Engineers at Washington University in St. Louis report that while single abnormal cells can mechanically probe roughly 10 microns beyond what they directly touch, groups of epithelial cells can combine forces through collagen to sense features more than 100 microns away—an effect the researchers say could help explain how cancer cells navigate tissue.
Researchers at Washington University in St. Louis say they have identified a form of long-range mechanical sensing that allows cells to detect features far beyond the surfaces they are physically attached to.
The study—led by Amit Pathak, a professor of mechanical engineering and materials science at the university’s McKelvey School of Engineering, with PhD student Hongsheng Yu as a co-author—was published in Proceedings of the National Academy of Sciences in 2025.
How far cells can “feel”
According to the researchers, prior work from the group showed that single abnormal cells with “high front-rear polarity,” a trait associated with migrating cells, can detect physical cues up to about 10 microns beyond their immediate point of attachment. They do this by pulling on and deforming surrounding collagen fibers in the extracellular matrix, which can transmit information about what lies ahead.
In the new work, the team reports that epithelial cells—cells that line surfaces of many tissues—can extend that sensing range dramatically when they move and deform collagen as a collective. Using a collagen–polyacrylamide double-layer hydrogel system, the researchers found that epithelial cell collectives could mechanosense an underlying “basal” substrate at depths greater than 100 microns, as measured through cell clustering behavior and collagen deformation.
“Because it’s a collective of cells, they are generating higher forces,” Pathak said in a university release describing the research.

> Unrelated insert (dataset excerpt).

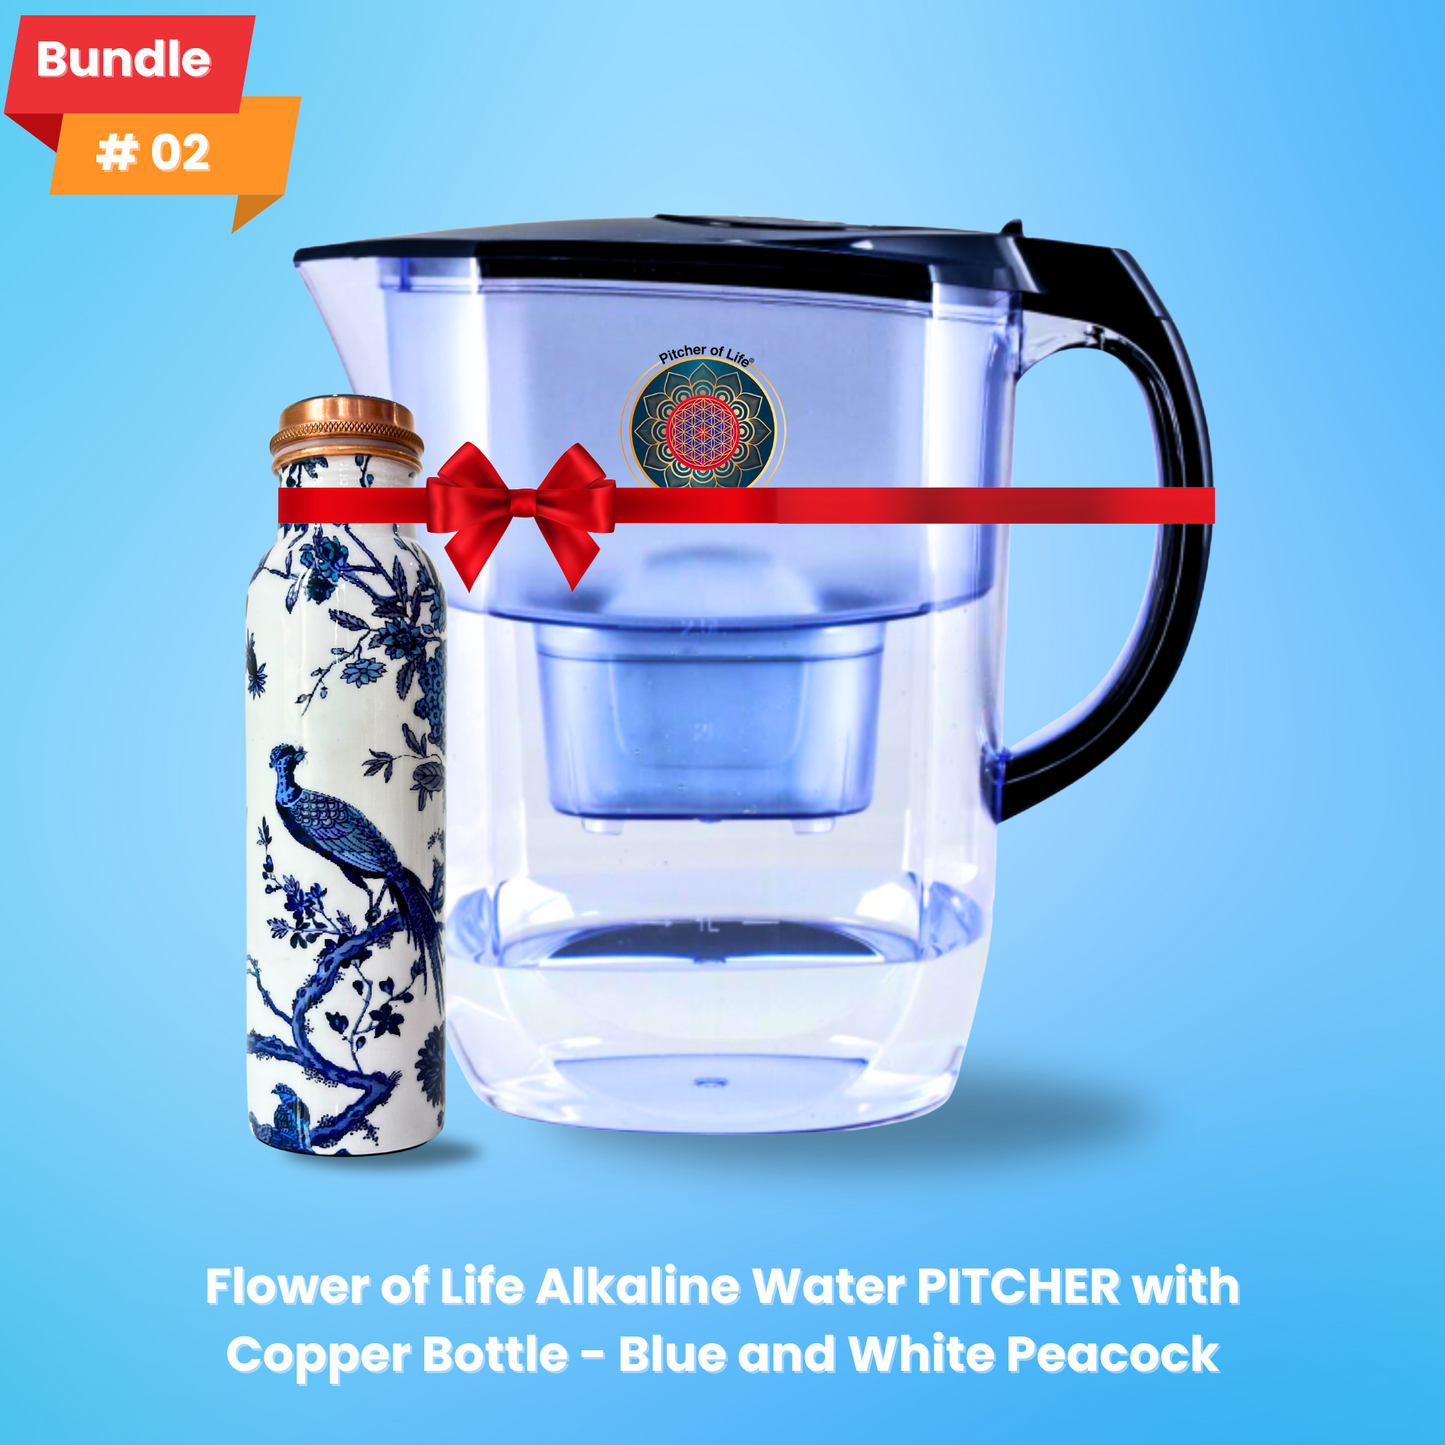 Flower of Life Alkaline Water PITCHER with Copper Bottle

Modeling suggests a two-stage process
The researchers also used computational modeling to examine how collective forces translate into long-range sensing. The model described the behavior as unfolding in two broad stages: an initial phase of cell clustering accompanied by dynamic collagen deformation, followed by a phase of cell migration and dispersal.
In the experiments described in the paper’s abstract, stiffer underlying substrates were associated with higher collagen deformation and stiffening and with reduced dispersal of epithelial clusters.
Why it matters for cancer research
In a summary released by the university, the researchers suggest that the ability to detect what lies ahead could help cancer cells escape a tumor and navigate surrounding tissue. The release argues that understanding how sensing range is controlled could point to strategies aimed at disrupting a cancer cell’s ability to “feel” its path, potentially limiting migration.
The work was supported by the National Institutes of Health under grant R35GM128764 and the National Science Foundation’s Civil, Mechanical and Manufacturing Innovation program under grant 2209684.